Bad needle & seat O-rings are a very common problem causing fuel by-passing the needle and seat and flooding the engine. I wonder how many carbs have been tossed by folks who don't know these basics. Remember, Holley has been around for over 100 years. They are not hard to maintain if you take the time to learn about and look after them. Good luck!
My brother had a mustang with a fresh 347 in it. Put a 650 speed demon on it. Went to fire it up, damn thing flooded, and then a little carb fire happened, no biggie. Took the needle and seats out and sure enough there was a burrr in there..... Replaced with a new Holley needle, but varified they were clean. All good. When I built my engine I also put a speed demon on it. Guess what the first thing I checked on it was? Sure enough, I had to swap them out with Holley needles again... 😉😉
Thank you, Tony. I am a big Holley fan. Got any idea on how to get a Holley 1920 Carb. choke to work for a 72 Slant SiX Swinger? I removed the well thermostat and choke linkage - set up a manual cable --- that doesn't work either. ARG! It's okay in the Summer, but Winters are a pain (Calif.).
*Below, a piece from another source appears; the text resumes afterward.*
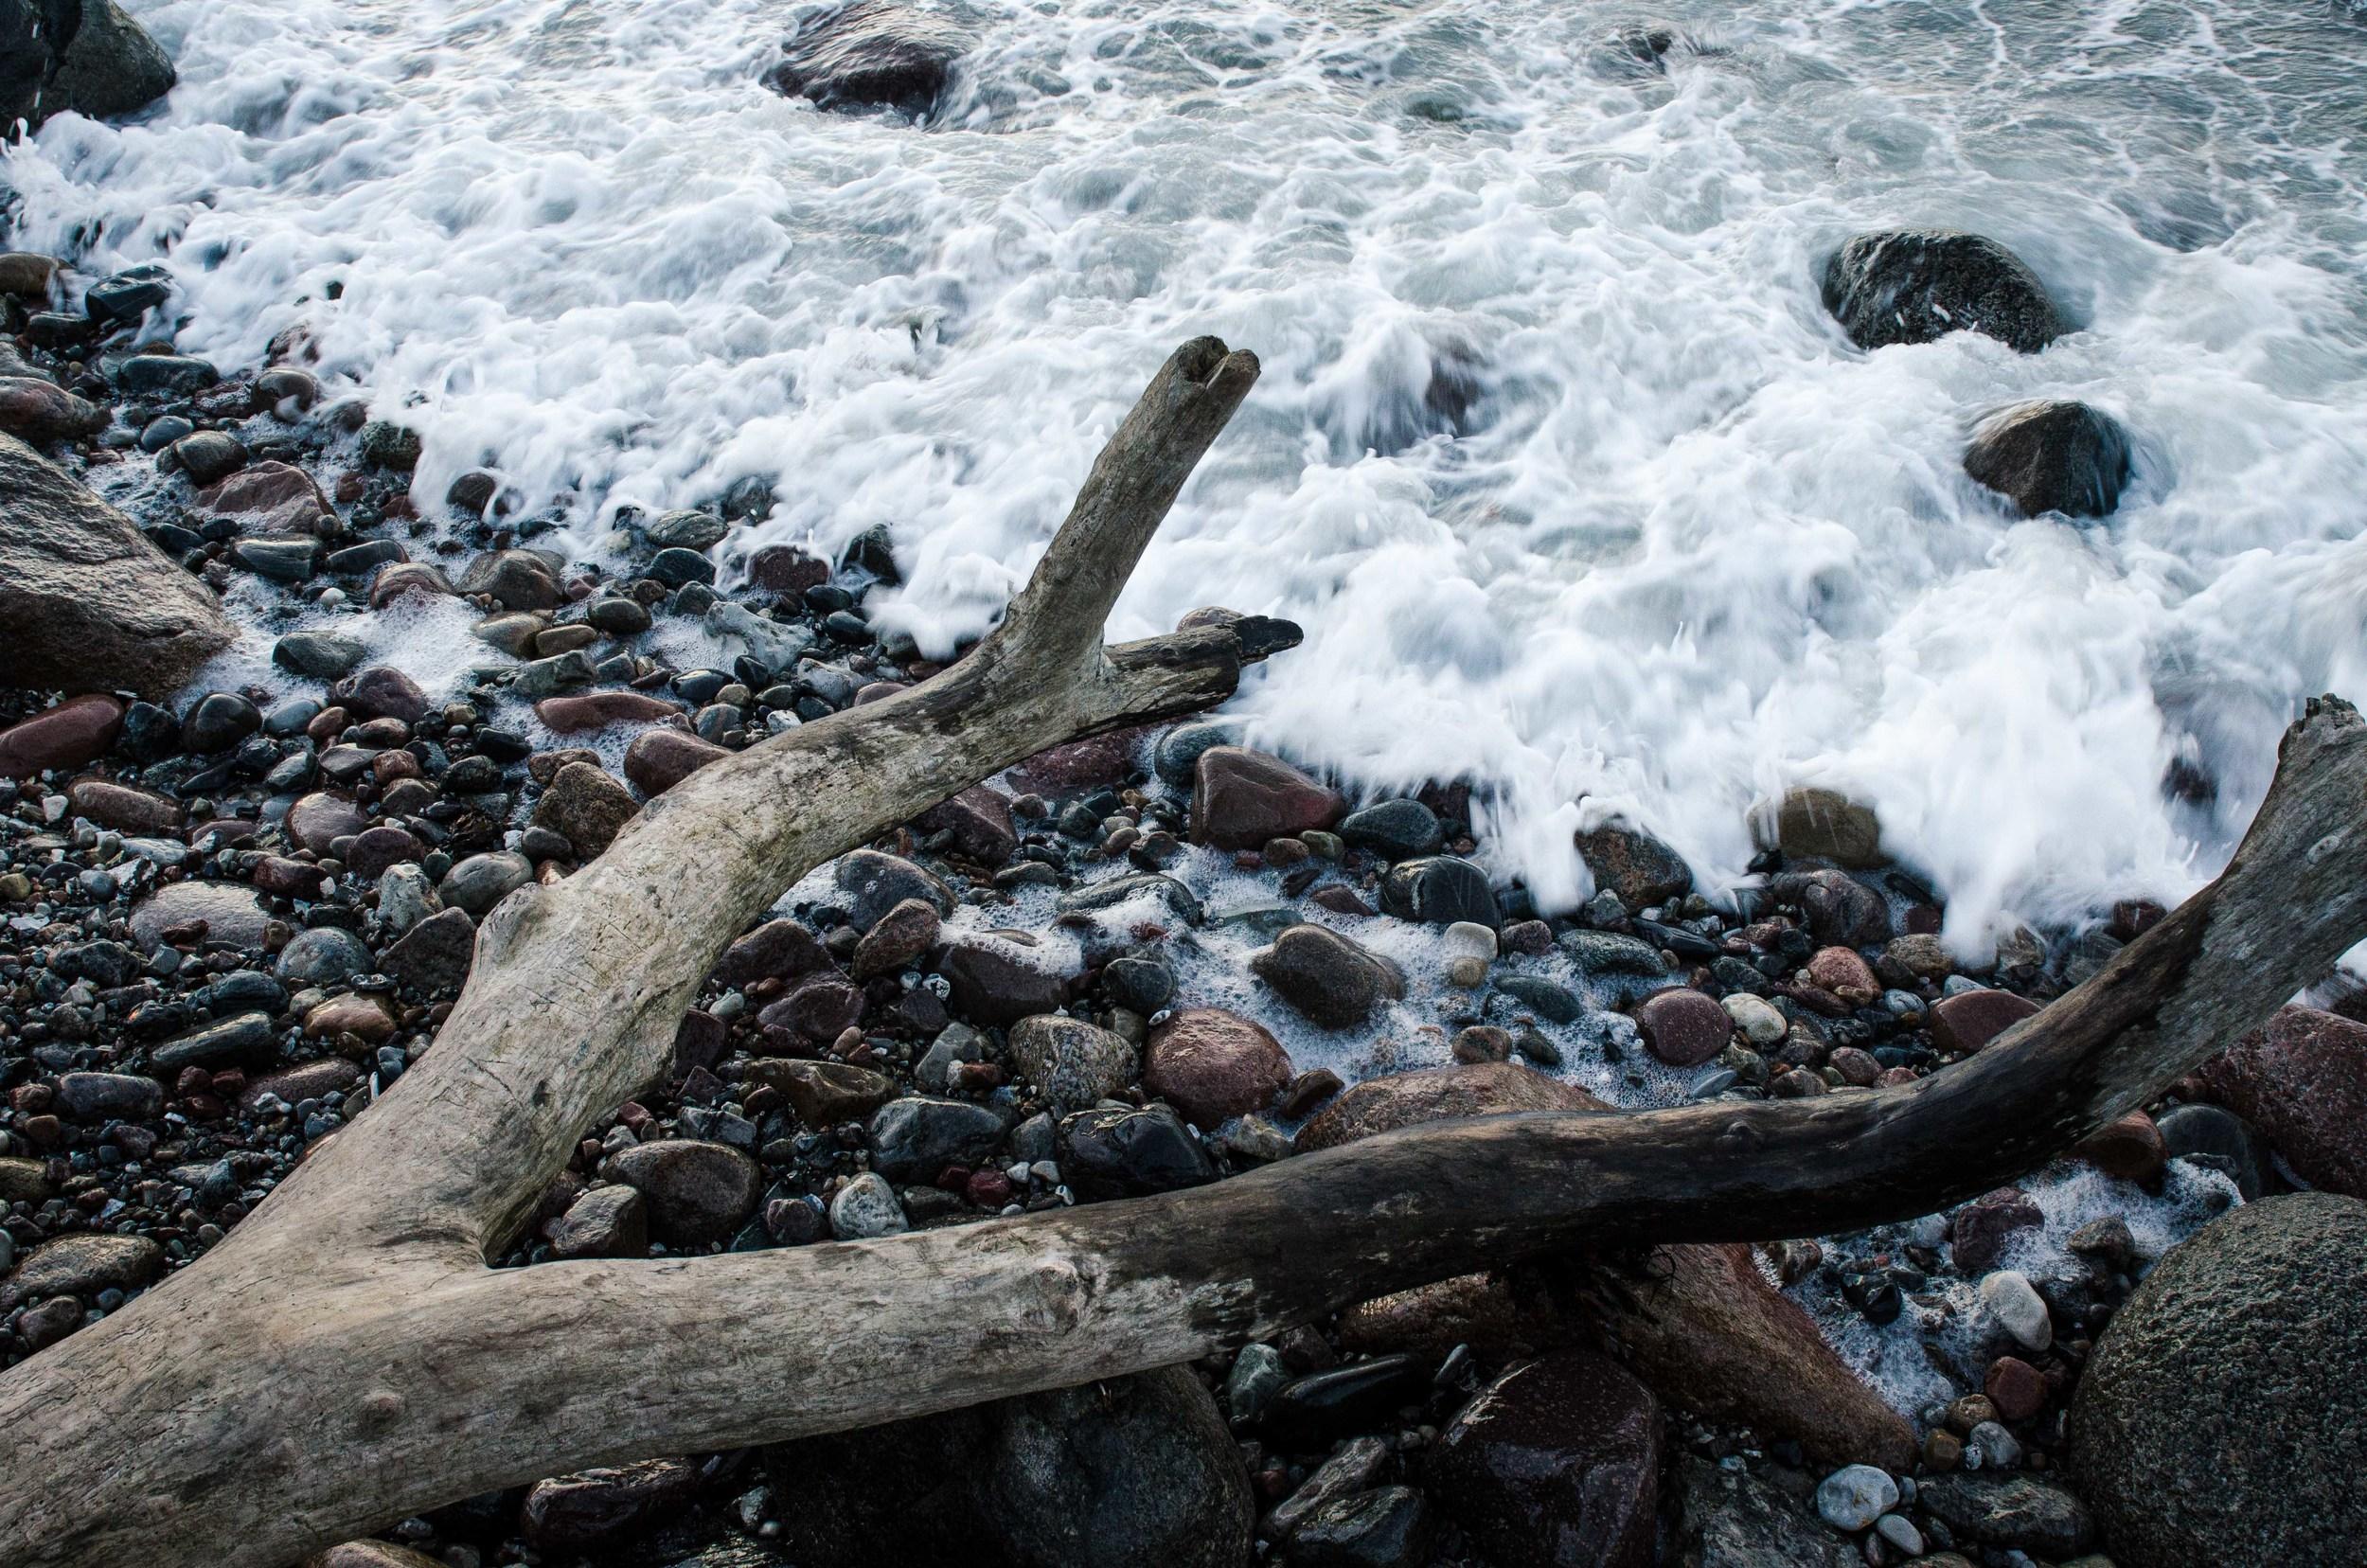 Adventure_photographer_ocean_sea_walk_sunset-3.jpg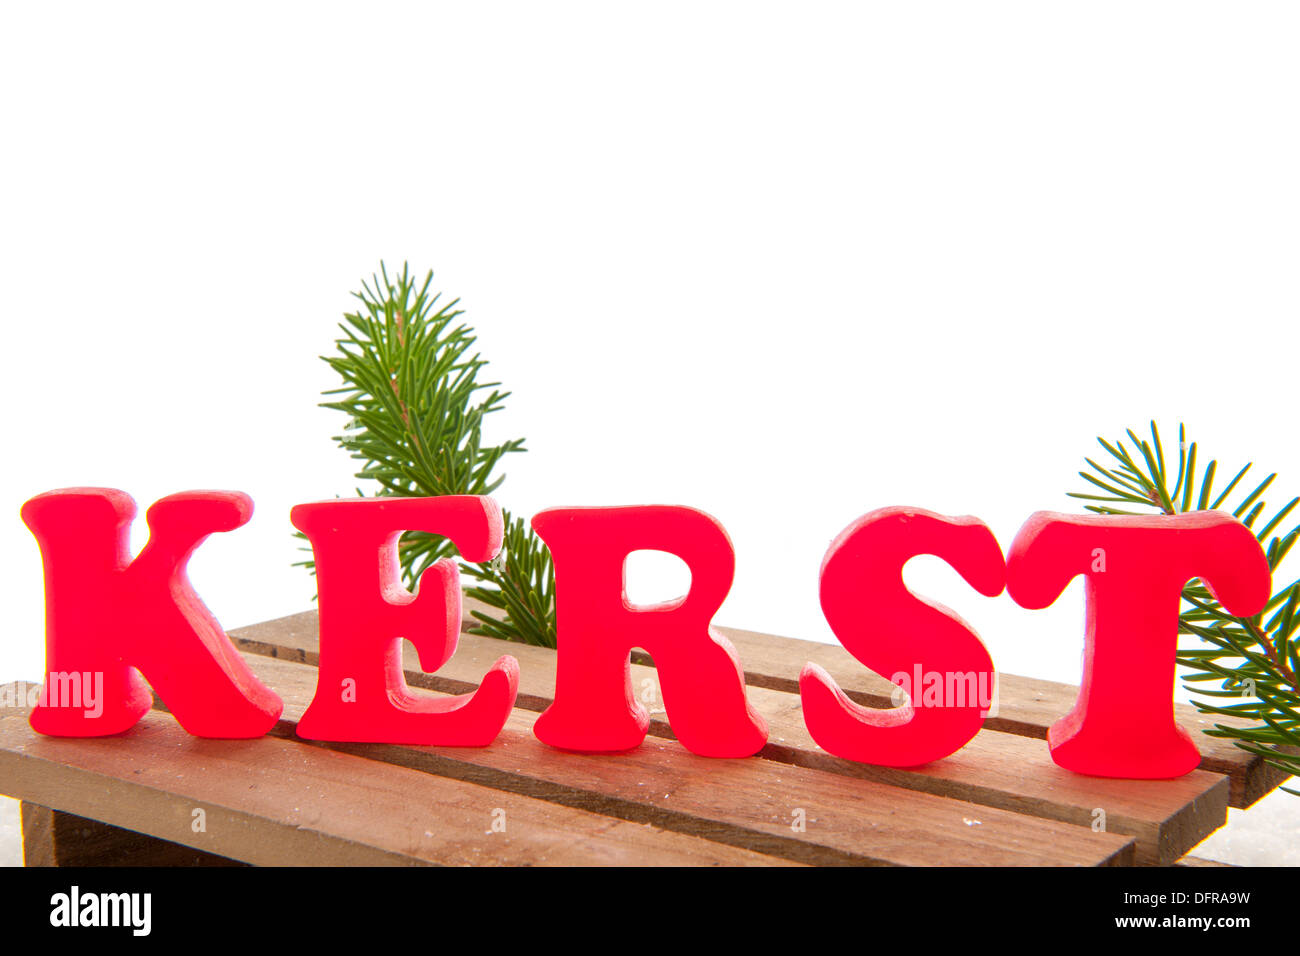 Kerst Stock Photos Kerst Stock Images Alamy

when I got my city job in 1981 the mechanics were cursing the carter thermo quads on the dodge trucks. as they draw filed the case in attempts to get it to stop leaking fuel. so warping is not confined to the holly. you might consider showing how to get a thermoquad to work if you have not already. I like quadrajet carbs as they work great if you know how to deal with them.
Thanks for your video, I have Holley 4175 List 8679, it has idle/mixture screws that controls air amount not fuel amount and I can not make it stop dieseling, constantly. I need to open main throttle plate a lot to keep it idles above 500. No Idea what to do, have you seen this type of carbs? The engine is 355 rebuilt and base timing is 10.
I've filed a Dominator 1150, and 850 vacuum secondary...both were warped, and running rich. it takes a LONG time to file those bodies flat. and the bottom of the main body surface as well is usually warped too, where it meets the throttle baseplate. if you can find someone with a bridgeport, it's a lot easier and faster, and more accurate, to mill those surfaces flat with a milling machine. then you can lock it down level and just buzz it off perfectly flat. something cheap ass Holley Inc. should have done themselves for the past 75 years, and what Barry Grant did do- which is why he kicked their ass so badly when he was in business.
I remember helping my dad rebuilt a Holly as a kid and I thought he was mad at me, making me clean this gaskets. So trueing up those surfaces won't cause any issues like a head would and rinsing compression?
Hey Tooony! I hopes ya not gunna putz that 850 on that baby teen, that thing will go backwards. Put a 600 on it and it will go quicker than it does. Or better yet, put a small Thermy on it and toon it properly. Zee's tip for the day.
When you by a used Carburator, wiggle the throttle shaft, loose no NFG. Thanks Tony on the Vacuum location for the Distributor. (Side only). Had at the base of the Carb, sucked.Stinky exhaust, even my wife said how stinky it was ..Uncle Tony fixed my Car!!
I want to hear the car idle after your done Tony. I have a problem with a Holley idling. It idles high for a few seconds after I let off the gas then settles down to normal idle. Tried everything and can't get it to idle right.
And that's one reason why I don't like Holley's on the street. Many, many heating/cooling cycles is often detrimental to the health of those carbs. Edlelbrock/Carter have more mass for the base and warping is really not a problem. I know, I know. a bunch of you will say, "well, I've had an 850 Holley on my car, xxxxxx miles, xx years and zero problems'. That's not been my experience.